Monday 9 July 2018

Jailed Vietnamese Blogger Mother Mushroom Begins Hunger Strike


2018-07-06  
rfa
Jailed Vietnamese blogger Mother Mushroom is shown at her trial in Nha Trang, June 29, 2017.
Jailed Vietnamese blogger Mother Mushroom is shown at her trial in Nha Trang, June 29, 2017.
AFP



Jailed Vietnamese blogger Nguyen Ngoc Nhu Quynh, also known as Mother Mushroom, has begun a hunger strike in prison, citing authorities’ refusal to transfer her to a cell away from a hostile and threatening cellmate, her mother says.

Quynh told her mother, Nguyen Thi Tuyet Lan, in a phone call that she will now refuse to eat until she is moved, Lan told RFA’s Vietnamese Service on Friday.

“I was at home on July 6 and heard the phone ring, and I recognized the calling number from the prison,” Lan said, adding that she immediately picked up the phone and heard a voice directing her daughter to speak.

“My daughter said that from now on she won’t eat anything, not even the food that I send to her, until prison authorities address the requests that she has made,” she said.


The phone call lasted only five minutes, Lan said, and she was able to tell her daughter only to watch out for her health.

Quynh, also known by her blogger handle Mother Mushroom, had blogged about human rights abuses and official corruption for more than a decade.

She had also criticized the government’s response to a 2016 toxic waste spill by the Taiwan-owned Formosa Plastics Group that destroyed the livelihoods of tens of thousands of Vietnamese living in four coastal provinces.

Arrested on Oct. 10, 2016 she was sentenced in June 2017 to a decade in jail on charges of spreading “propaganda against the state” under Article 88 of Vietnam’s Penal Code.

Mental torture

Speaking to RFA in a report last week, Lan said that Quynh says she can no longer endure what she described as the mental torture of her life each day behind bars.

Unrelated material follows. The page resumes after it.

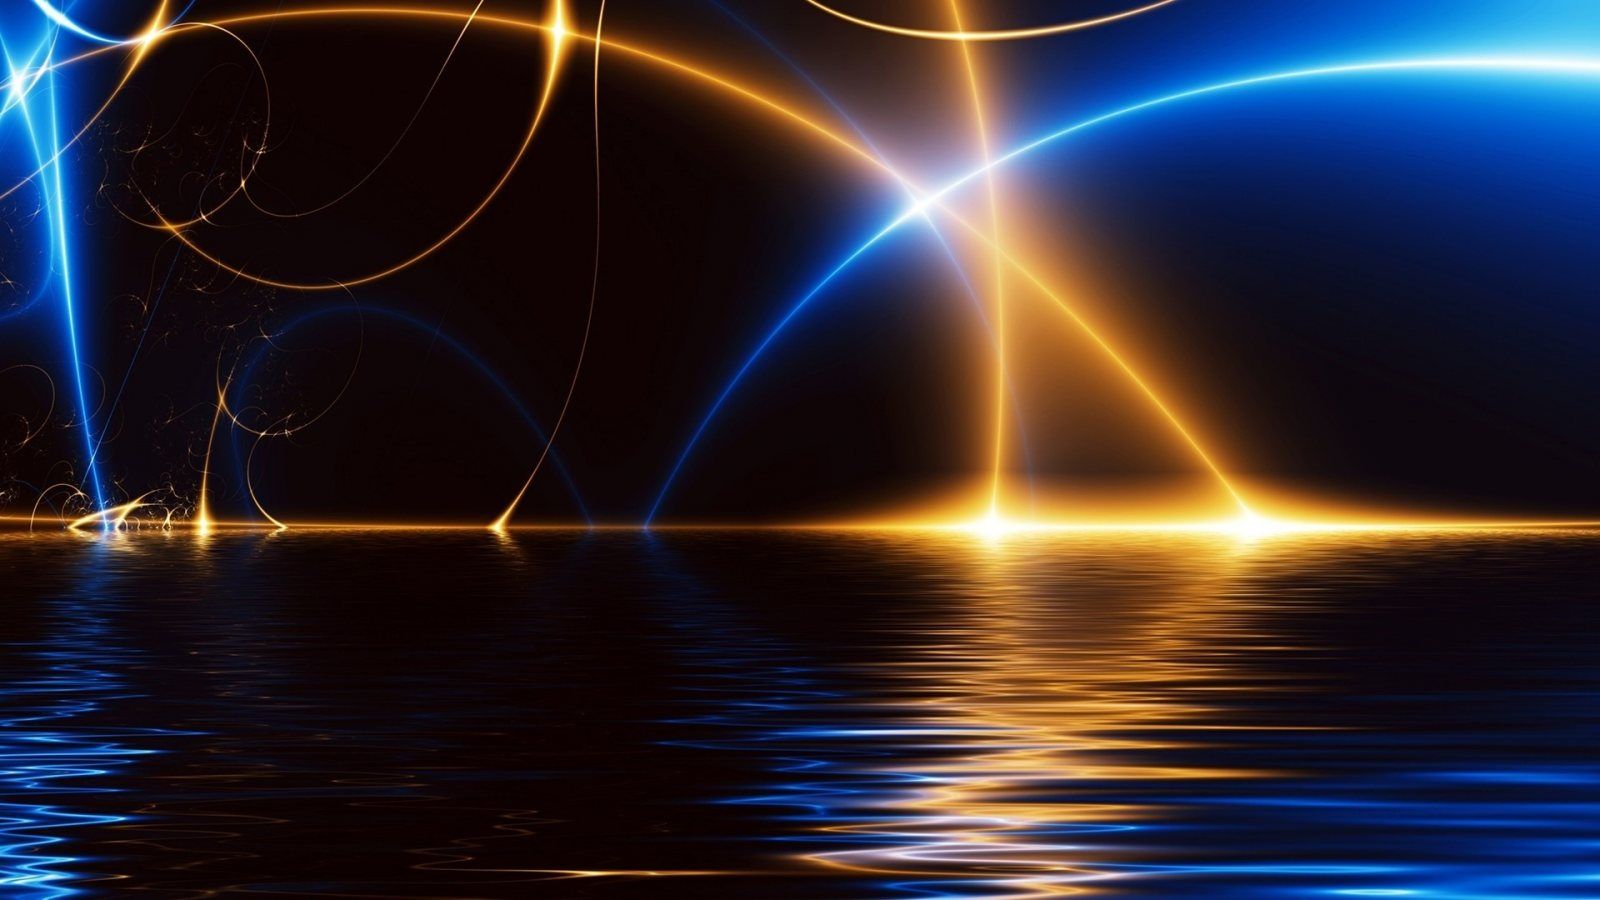 Abstract Background X Super Hd And Stock 151449 Wallpaper - Reflection Of Light Hd - HD Wallpaper

“I am now held in a cell with three other people, and one of them is always cursing me with the worst words I have ever heard,” Lan said her daughter told her. “She is so cruel that I cannot deal with her.”

Guards have turned down Quynh’s requests to be moved to another cell, calling her cellmate’s abusive behavior a case of “common quarrels,” Lan said, adding that her daughter has asked her now to visit her once a month to make sure she is still alive.

Acting under pressure from Vietnam’s embassy in Bangkok and Thai police, the Foreign Correspondents’ Club of Thailand (FCCT) meanwhile canceled a scheduled showing of a documentary describing the hardships faced by Quynh’s family following her arrest.

Called “When Mother’s Away,” the film was described on July 5 by deputy spokesperson for Vietnam’s foreign ministry Ngo Toan Thang as containing fabricated information about a lawfully convicted criminal.

Speaking to RFA, Quynh’s mother Nguyen Thi Tuyet Lan said the film accurately tells the story of her family’s daily life.

“It is a true story about our family. I don’t know what is not true about this film,” Lan said.

Not surprised

Grace Bui, a Vietnamese activist living in Thailand, said she was not surprised to hear the film’s showing had been canceled.

“This is not the first time that Thailand has banned something related to the human rights situation in Vietnam,” Bui said.

“Last year, they did not allow Human Rights Watch to hold an event announcing their human rights report on Vietnam,” she said.

Writing on his Facebook page on July 4, attorney Trinh Hoi, a representative of the U.S.-based organization VOICE, which is promoting the film, said that “Hanoi can use all kinds of tricks to ban the film about Mother Mushroom.”

“But truth is truth. No matter how difficult it is, I will promote the film wherever truth is respected.”

Reported by RFA’s Vietnamese Service. Translated by Viet Ha. Written in English by Richard Finney.